Your objective:
Although the data below holds other lines too, output only those from the line with "chicken breast next" up to and including the line with "The sunroom features", exactly as they appear.

-- Data under study follows --

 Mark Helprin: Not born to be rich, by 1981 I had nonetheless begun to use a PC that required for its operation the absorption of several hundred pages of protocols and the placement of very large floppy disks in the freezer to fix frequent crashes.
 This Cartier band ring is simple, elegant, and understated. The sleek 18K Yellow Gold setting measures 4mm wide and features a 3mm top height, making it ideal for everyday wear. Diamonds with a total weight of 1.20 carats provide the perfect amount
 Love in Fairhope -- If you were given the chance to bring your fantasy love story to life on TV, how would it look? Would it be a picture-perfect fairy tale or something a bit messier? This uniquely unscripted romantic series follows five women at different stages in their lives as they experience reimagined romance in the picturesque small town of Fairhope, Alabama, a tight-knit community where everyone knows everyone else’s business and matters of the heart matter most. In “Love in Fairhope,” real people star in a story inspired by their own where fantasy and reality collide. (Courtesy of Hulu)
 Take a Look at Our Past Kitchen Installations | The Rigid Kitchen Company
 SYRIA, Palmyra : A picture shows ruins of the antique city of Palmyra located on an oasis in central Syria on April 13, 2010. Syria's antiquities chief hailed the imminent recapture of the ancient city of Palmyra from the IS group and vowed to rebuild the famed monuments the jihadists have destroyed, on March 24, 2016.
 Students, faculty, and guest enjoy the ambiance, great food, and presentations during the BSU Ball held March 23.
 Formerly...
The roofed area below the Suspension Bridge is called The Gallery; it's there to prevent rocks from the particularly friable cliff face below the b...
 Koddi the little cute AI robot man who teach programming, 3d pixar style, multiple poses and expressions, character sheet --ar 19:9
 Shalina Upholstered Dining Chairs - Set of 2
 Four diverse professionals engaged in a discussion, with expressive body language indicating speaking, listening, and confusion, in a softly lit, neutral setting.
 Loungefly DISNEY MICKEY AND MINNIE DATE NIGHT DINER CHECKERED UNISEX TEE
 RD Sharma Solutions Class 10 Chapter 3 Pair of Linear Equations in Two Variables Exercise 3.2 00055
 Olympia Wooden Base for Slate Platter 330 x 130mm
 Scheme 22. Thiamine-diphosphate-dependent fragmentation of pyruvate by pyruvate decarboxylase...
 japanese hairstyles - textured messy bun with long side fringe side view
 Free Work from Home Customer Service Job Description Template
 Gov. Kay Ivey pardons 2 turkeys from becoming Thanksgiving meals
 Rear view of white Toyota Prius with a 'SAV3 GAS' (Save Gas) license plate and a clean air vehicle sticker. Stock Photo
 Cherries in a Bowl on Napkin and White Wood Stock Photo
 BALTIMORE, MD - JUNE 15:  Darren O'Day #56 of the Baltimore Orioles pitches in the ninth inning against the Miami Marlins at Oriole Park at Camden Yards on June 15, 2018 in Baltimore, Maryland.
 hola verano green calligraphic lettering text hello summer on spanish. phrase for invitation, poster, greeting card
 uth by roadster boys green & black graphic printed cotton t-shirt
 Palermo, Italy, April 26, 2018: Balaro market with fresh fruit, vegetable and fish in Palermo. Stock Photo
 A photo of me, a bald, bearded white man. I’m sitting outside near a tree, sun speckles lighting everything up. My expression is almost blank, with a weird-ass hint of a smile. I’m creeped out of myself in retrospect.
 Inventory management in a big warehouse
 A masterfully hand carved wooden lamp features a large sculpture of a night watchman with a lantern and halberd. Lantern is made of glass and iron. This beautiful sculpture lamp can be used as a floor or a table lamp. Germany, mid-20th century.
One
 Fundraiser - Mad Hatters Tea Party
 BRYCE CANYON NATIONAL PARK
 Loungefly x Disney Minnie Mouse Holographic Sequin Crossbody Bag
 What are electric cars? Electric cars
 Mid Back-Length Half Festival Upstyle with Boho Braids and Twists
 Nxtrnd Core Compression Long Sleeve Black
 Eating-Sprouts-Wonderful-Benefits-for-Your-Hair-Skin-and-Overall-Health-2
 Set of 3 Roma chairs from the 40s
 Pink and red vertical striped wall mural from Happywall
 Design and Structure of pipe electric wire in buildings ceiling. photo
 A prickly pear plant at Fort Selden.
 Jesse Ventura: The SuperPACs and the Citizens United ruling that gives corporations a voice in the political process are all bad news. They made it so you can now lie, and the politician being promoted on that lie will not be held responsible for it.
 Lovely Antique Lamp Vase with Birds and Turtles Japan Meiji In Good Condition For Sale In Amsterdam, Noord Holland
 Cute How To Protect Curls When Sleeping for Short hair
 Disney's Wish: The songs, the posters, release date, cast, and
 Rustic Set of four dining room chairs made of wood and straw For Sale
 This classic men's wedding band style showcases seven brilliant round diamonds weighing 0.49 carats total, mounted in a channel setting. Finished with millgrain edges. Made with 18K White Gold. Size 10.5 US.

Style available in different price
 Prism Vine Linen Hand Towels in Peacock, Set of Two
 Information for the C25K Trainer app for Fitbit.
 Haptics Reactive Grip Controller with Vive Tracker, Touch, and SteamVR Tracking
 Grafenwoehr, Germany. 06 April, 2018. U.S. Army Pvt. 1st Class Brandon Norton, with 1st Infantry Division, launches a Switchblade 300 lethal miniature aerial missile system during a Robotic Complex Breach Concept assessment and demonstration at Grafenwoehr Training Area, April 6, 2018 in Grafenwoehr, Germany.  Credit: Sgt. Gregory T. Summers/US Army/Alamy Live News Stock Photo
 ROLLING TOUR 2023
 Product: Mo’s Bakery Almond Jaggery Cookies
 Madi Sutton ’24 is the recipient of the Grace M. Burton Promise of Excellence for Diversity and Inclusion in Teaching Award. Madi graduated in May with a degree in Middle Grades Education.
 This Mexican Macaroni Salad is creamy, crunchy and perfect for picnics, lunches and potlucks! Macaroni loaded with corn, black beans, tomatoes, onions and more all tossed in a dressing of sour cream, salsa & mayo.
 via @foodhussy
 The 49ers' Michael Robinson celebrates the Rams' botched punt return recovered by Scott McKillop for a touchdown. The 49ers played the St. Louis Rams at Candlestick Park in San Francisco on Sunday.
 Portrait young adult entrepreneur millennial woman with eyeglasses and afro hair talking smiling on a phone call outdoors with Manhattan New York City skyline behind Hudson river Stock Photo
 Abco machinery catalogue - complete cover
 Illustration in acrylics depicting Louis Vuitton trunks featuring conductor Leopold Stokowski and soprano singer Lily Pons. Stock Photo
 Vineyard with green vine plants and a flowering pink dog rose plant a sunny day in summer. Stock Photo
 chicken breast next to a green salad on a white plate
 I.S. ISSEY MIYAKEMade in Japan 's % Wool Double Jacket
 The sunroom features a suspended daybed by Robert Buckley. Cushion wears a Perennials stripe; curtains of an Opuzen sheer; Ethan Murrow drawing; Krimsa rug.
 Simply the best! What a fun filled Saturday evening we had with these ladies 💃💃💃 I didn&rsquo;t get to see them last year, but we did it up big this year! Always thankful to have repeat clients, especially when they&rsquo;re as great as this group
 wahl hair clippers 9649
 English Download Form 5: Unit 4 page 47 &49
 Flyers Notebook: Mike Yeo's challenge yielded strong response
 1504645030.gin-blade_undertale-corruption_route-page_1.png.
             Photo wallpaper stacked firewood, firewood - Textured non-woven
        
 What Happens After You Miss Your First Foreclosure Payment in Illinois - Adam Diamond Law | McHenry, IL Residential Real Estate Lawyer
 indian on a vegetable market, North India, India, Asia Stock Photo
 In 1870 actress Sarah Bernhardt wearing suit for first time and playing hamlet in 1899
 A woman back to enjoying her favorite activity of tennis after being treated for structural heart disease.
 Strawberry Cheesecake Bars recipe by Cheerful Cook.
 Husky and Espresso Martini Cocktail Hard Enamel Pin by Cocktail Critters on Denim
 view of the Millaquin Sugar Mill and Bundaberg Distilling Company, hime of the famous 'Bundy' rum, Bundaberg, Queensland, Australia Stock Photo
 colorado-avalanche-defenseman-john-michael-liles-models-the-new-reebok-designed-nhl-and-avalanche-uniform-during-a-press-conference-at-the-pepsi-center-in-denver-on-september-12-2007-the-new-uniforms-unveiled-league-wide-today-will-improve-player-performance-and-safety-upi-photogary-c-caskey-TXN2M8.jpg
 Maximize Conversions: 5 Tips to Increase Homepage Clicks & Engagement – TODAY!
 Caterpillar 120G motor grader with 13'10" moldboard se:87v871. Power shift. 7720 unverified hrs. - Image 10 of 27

-- Data under study concluded --

Solution:
 chicken breast next to a green salad on a white plate
 I.S. ISSEY MIYAKEMade in Japan 's % Wool Double Jacket
 The sunroom features a suspended daybed by Robert Buckley. Cushion wears a Perennials stripe; curtains of an Opuzen sheer; Ethan Murrow drawing; Krimsa rug.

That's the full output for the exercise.